Growing up in a Facebook Instagram world
Although I am no psychic, I'm going to make a prediction. Within the decade there will be rehabilitation facilities that cater to gaming and social media addiction as prevalent as we have tutoring centers for today's students needing or desiring an academic edge.
A handful of programs already exist (though, to my knowledge, none are located in strip malls yet), and with the current amount of use our adolescents engage in, and the future teen generation already spending quite a bit of time in front of a screen, it doesn't take a genius to realize we are on a fast track to this type of service/program becoming the next psycho-therapeutic trend. And, I imagine, the [future] program will be centered around incrementally decreasing use of technology and reintegrating our kids back into the "real" world.
We could save ourselves a lot of future time, money, and stress, by beginning to practice this today.
The reality is, if we don't become more conscious about how we're parenting our kids, we will have an epidemic on our hands as bad as the current drug addiction problem.
An epidemic of young people with low self esteem, anxiety, depression and an inability to effectively communicate as well as interact and navigate the real world.
That's no joke, or over-exaggeration.
I say this as much for myself, as the mother of adolescents who [I know] all too often spend more time than is good for them in front of a screen, as I say it for any other parent reading this blog.
Below is a recent, fascinating interview with Simon Sinek on why Millennials are having a difficult time in the work place. It is WELL worth your fifteen minutes to watch, guaranteed.
One of the things Sinek talks about are failed parenting strategies. For example, we've spent our time giving medals for participation to everyone, and telling our kids they could have "anything they want; just because they want it". An additional point Sinek makes is that the use of technology and social media has been the avenue for creating a decade of people with lower self-esteem than ever before.
Is it possible that we [moms and dads] are literally allowing, even helping, to create an addiction problem in our own homes?

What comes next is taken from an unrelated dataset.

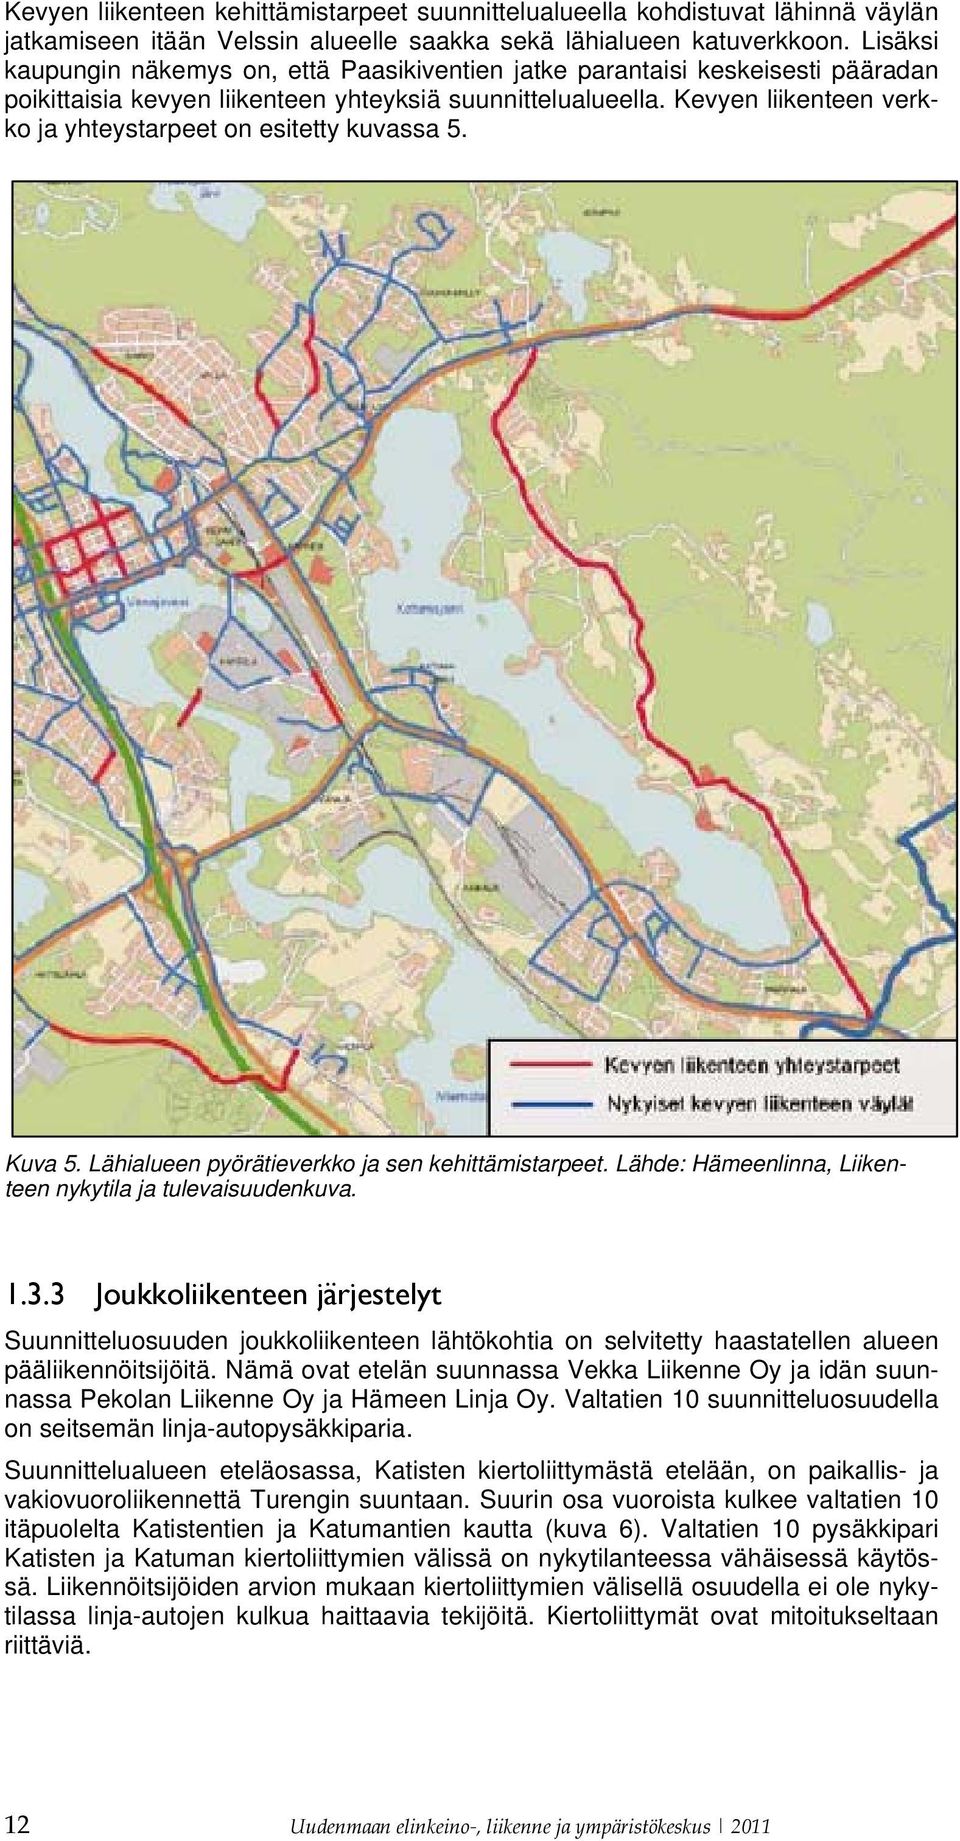 Kevyen liikenteen verkko ja yhteystarpeet on esitetty kuvassa 5. Kuva 5. Lähialueen pyörätieverkko ja sen kehittämistarpeet. Lähde: Hämeenlinna, Liikenteen nykytila ja tulevaisuudenkuva. 1.3.

The same chemical that excites us when we drink/smoke/gamble also gets triggered with social media/video game use. In my mind, we have no choice but to step up to the plate and practice regularly engaging our kids in everyday life and face-to-face connection.
I have some suggestions to get you thinking about what to do in your own families, these are a few of the things we do to engage with our own wonderful adolescents.
1. Play board games...maybe it's Friday nights, Saturday afternoons, or Sunday mornings at 10 a.m....pick a time that fits your family's schedule, but do it on a regular basis. Some of our most silly, fun family time is spent playing Apples to Apples! (If you like putting puzzles together this would be another idea.)
2. Dinner together, sans electronics, as often as possible. Even if it has to be take-out. That being said, cooking together is a great way to build connection as well. Just last week I asked Maddux to bake a cake because we had some dinner guests coming...this caused him to spend a half hour in the kitchen with me, and without being hooked up to his mini iPad. During that time we talked about our favorite desserts which led to a discussion on where and when we'd had said favorite dessert. Hey, 30 minutes is 30 minutes, right? Add clean up after cooking/eating and you've got at least 60-90 minutes of togetherness! Add music to the background if you like...on more than one occasion I have been seen dancing around the kitchen in the morning as the kids make their lunches. Yes, they roll their eyes and laugh at me at times, but it's all in good fun.
3. Invite another family over...eat and play board games!
4. Take a walk, I've found it's one of two of the best ways to get my kids talking. (The car being a close second). Get the dogs out after dinner, on a sunny Saturday afternoon...walking is a great way to get to know your kids and their interests better. (Even if you have to listen to a 10-minute summary of their favorite video game).
5. Plan your next family vacation together! Ask each member of the clan to come up with their dream destination and research it for a short presentation to the family. Will it require passports? Do you have them? If not, a trip to your local passport office (in the car, all together, without phone use) is in order!
Something I'd like to try, but haven't yet, is family meditation! (I can just see my husband and kid's eyes rolling...)
Look, I'm not going to belabor the point of WHAT to do to get your kids away from their screens and back into life. There is nothing I am saying here that is something you've never heard, or read over and over again. Balancing the use of electronics with activities that don't include screens is a no-brainer and our job as parents to model.
The hard part is holding ourselves accountable to this, but as the leaders in our families it is up to us to do it! WE are the adults in the situation and let's face it, we'll be the ones carting their low-self-esteemed-butts to the latest therapeutic-trending program in a few short years if we don't consistently take the time and put forth the effort to engage them in the real world.
So, who's with me?!
I'm curious, how do you balance electronic use in your home? We can all use good ideas, so share yours with us!